WHAT YOU ARE ASKED TO DO: Only the pictures are to be left out; the listing itself is repeated exactly.

DATASET SECTION:
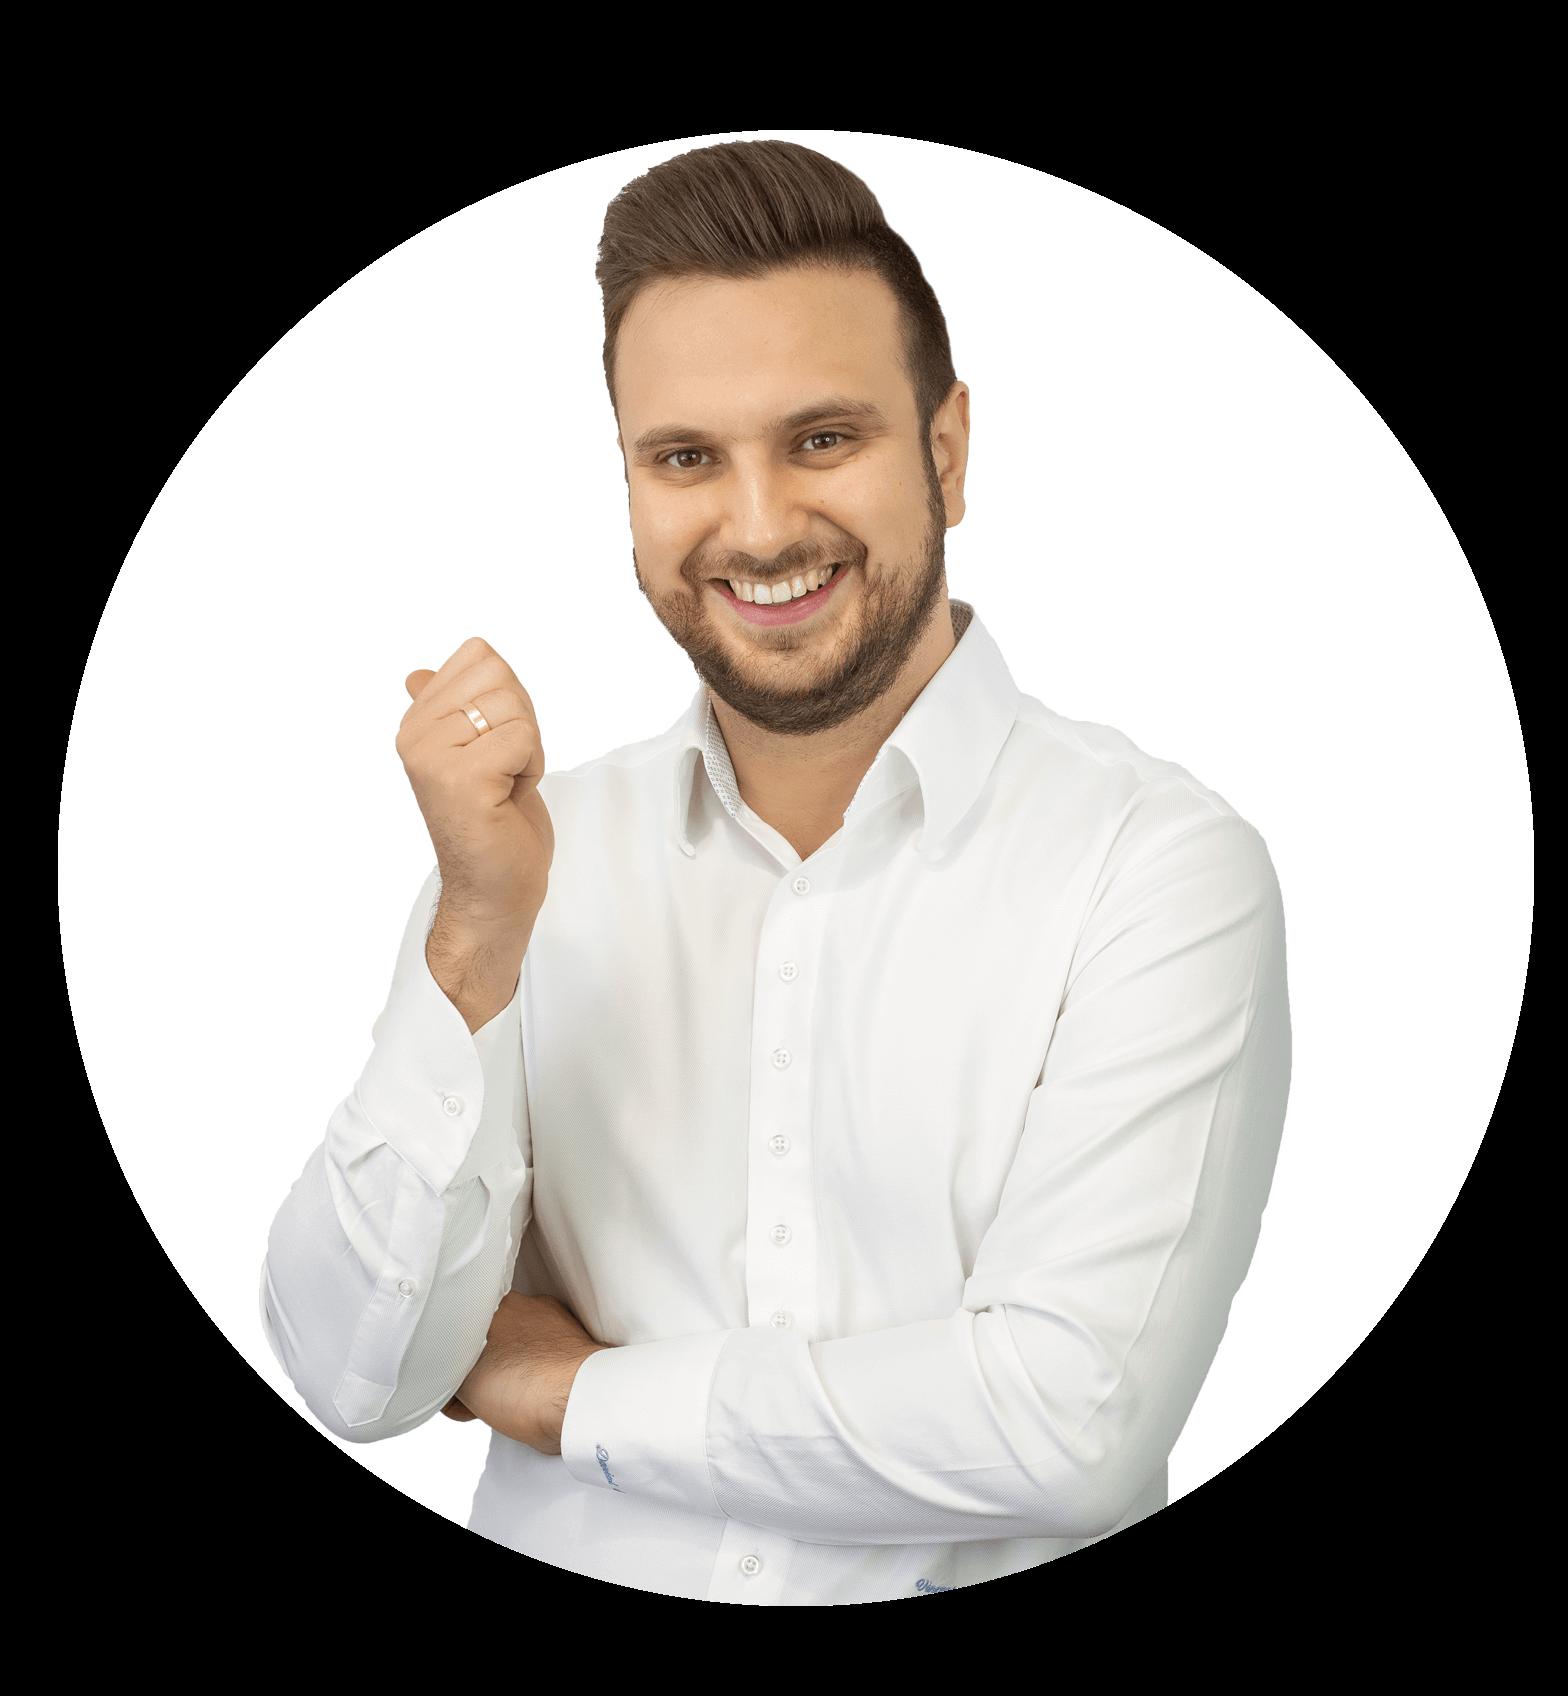 Daniel Siwiec - Deweloper, Inwestor, Mentor
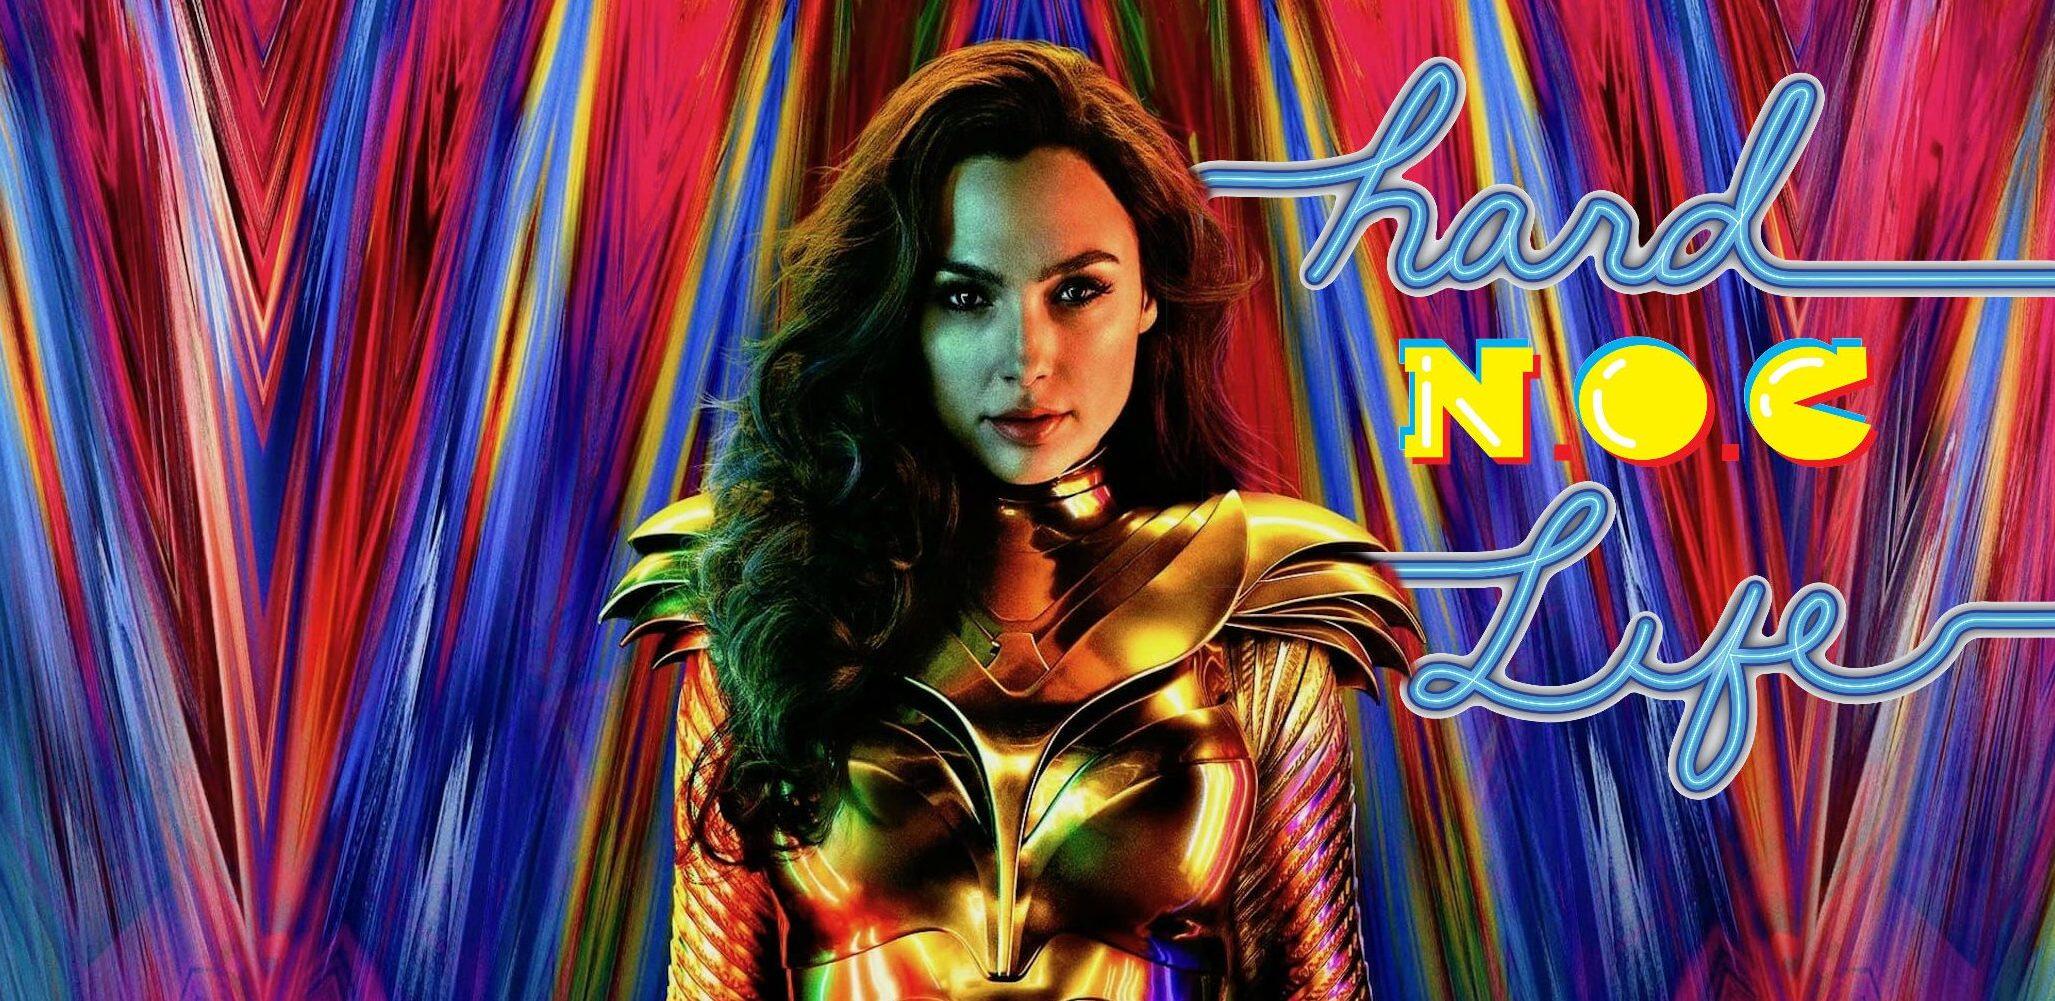 Hard NOC Life: Across the DC Universe
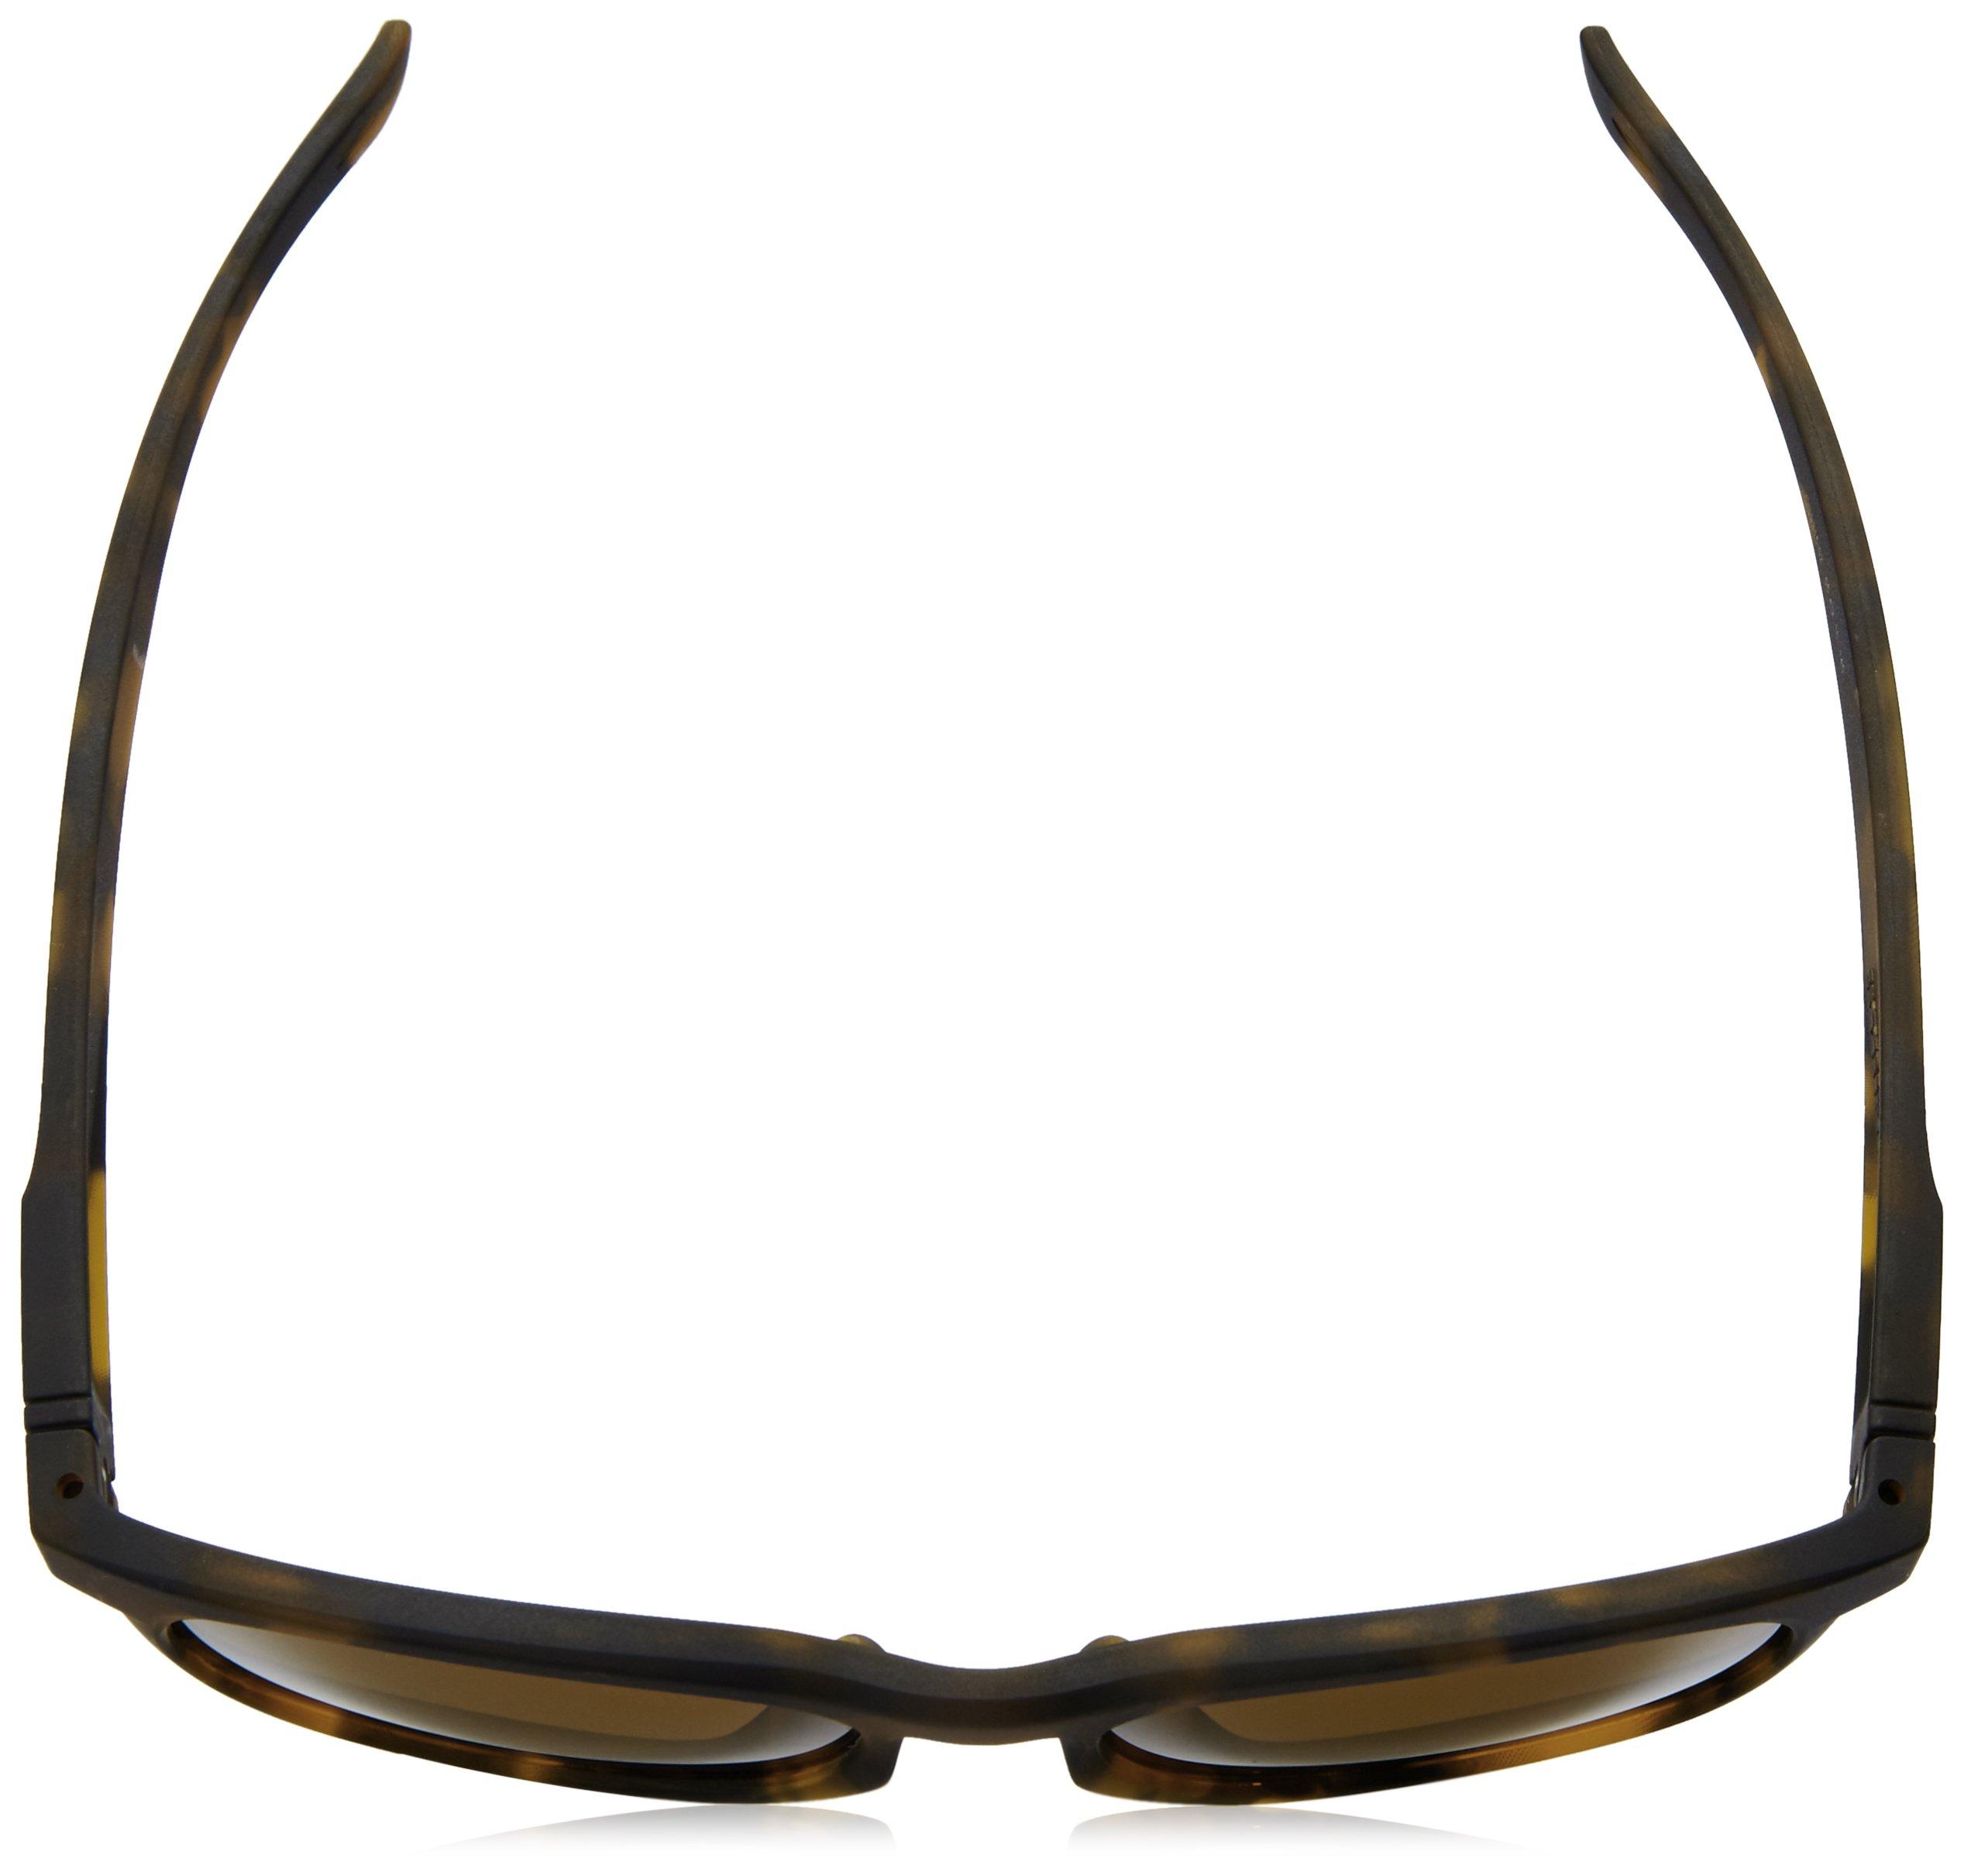 Oakley Men's Stringer Rectangular Sunglasses Matte Brown Tort w/Dark Bronze 55 mm by Oakley (Image #4)

EXERCISE RESPONSE:
 Daniel Siwiec - Deweloper, Inwestor, Mentor
 Hard NOC Life: Across the DC Universe
 Oakley Men's Stringer Rectangular Sunglasses Matte Brown Tort w/Dark Bronze 55 mm by Oakley (Image #4)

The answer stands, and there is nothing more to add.